En Europa, vemos tendencias similares, aunque marcadas por un desprecio aún más abierto del cristianismo. Los jefes religiosos han sido vilipendiados en los medios y aún en las cortes simplemente por expresar la enseñanza católica. Hace algunos años, a uno de los principales políticos católicos de nuestra generación, Rocco Buttiglione, se le negó un puesto importante en la Unión Europea debido a sus creencias católicas.
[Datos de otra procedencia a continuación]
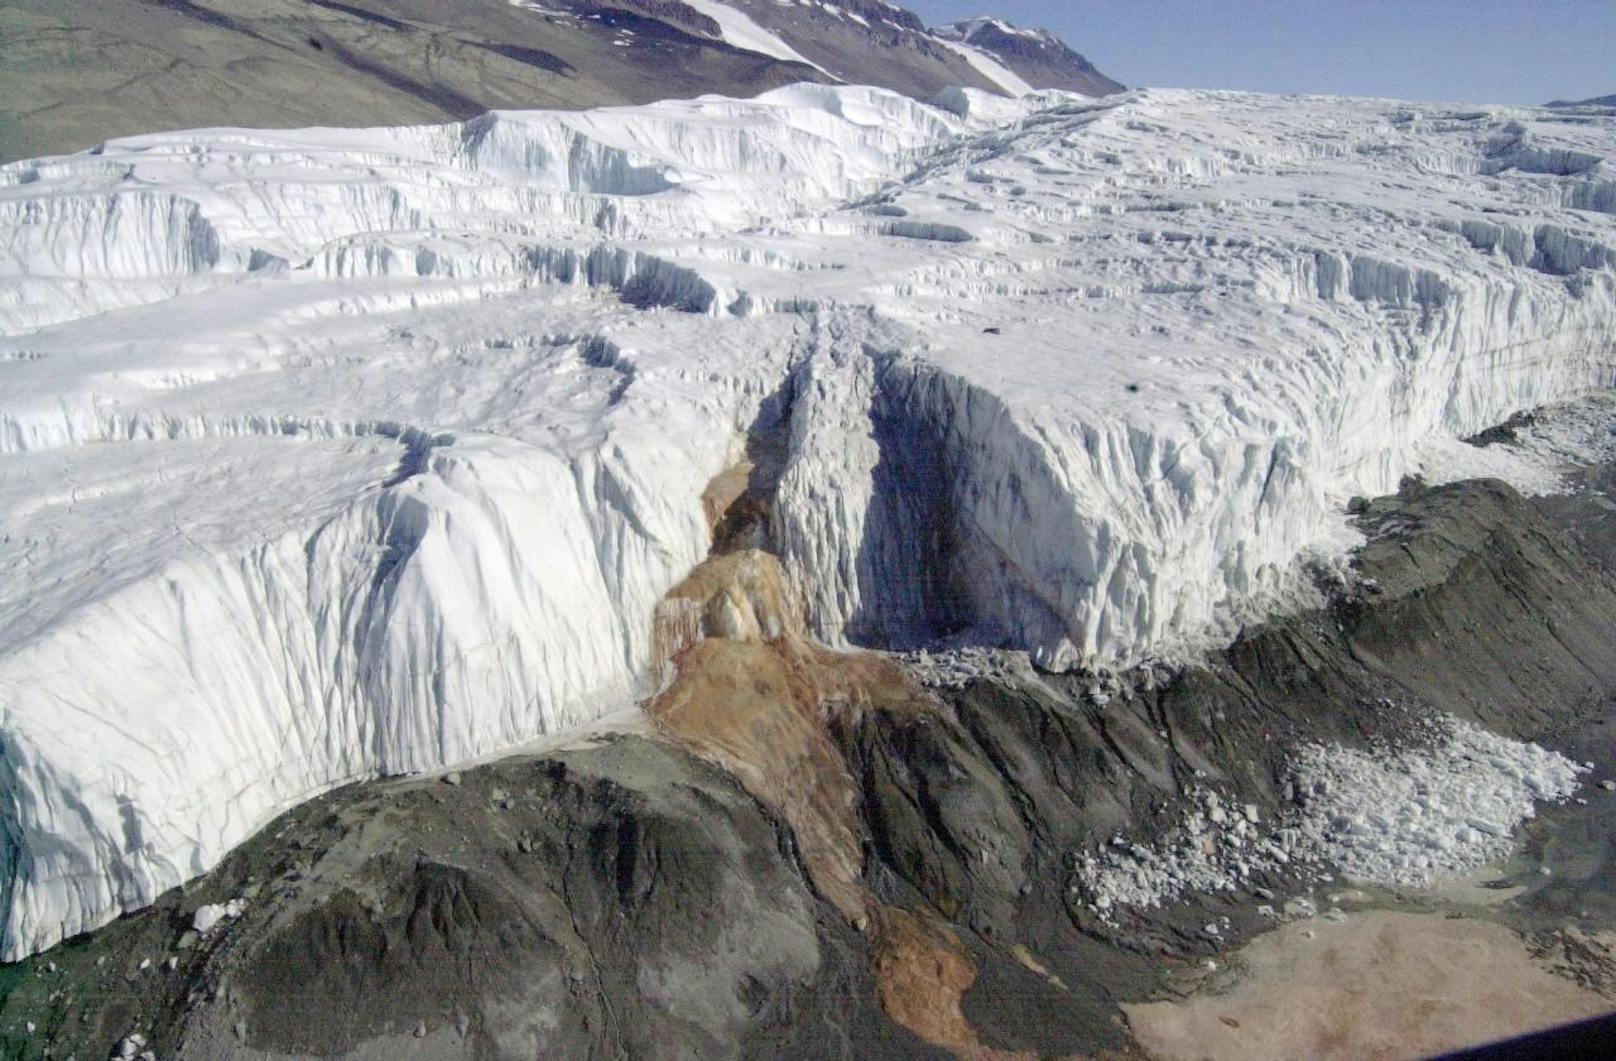 ... dass vom Gletscher Wärme ausgeht: "Wasser gibt Wärme ab, wenn es gefriert - und das könnte das Eis um die Kanäle herum erwärmen", so die Forscher im "Journal of Glaciology".

A comienzos de este verano, fuimos testigos de un tipo de matonaje vengativo que no se veía en este continente desde los días de los métodos policiales nazis y soviéticos: el palacio Arzobispal de Bruselas fue allanado por la policía; hubo obispos detenidos e interrogados durante 9 horas sin el debido proceso; sus computadores personales, teléfonos celulares y archivos fueron incautados. Incluso las tumbas de los muertos de la Iglesia fueron violadas en el allanamiento. Para la mayor parte de los norteamericanos, este tipo de humillación pública calculada de los líderes religiosos sería un escándalo y un abuso del poder del estado. Y esto no es a causa de las virtudes o los pecados de cualquier líder religioso involucrado, dado que todos tenemos la obligación de obedecer las leyes justas. Es un escándalo, más  bien, porque la autoridad civil, por su dureza, muestra desprecio por las creencias y los creyentes a los que los líderes representan.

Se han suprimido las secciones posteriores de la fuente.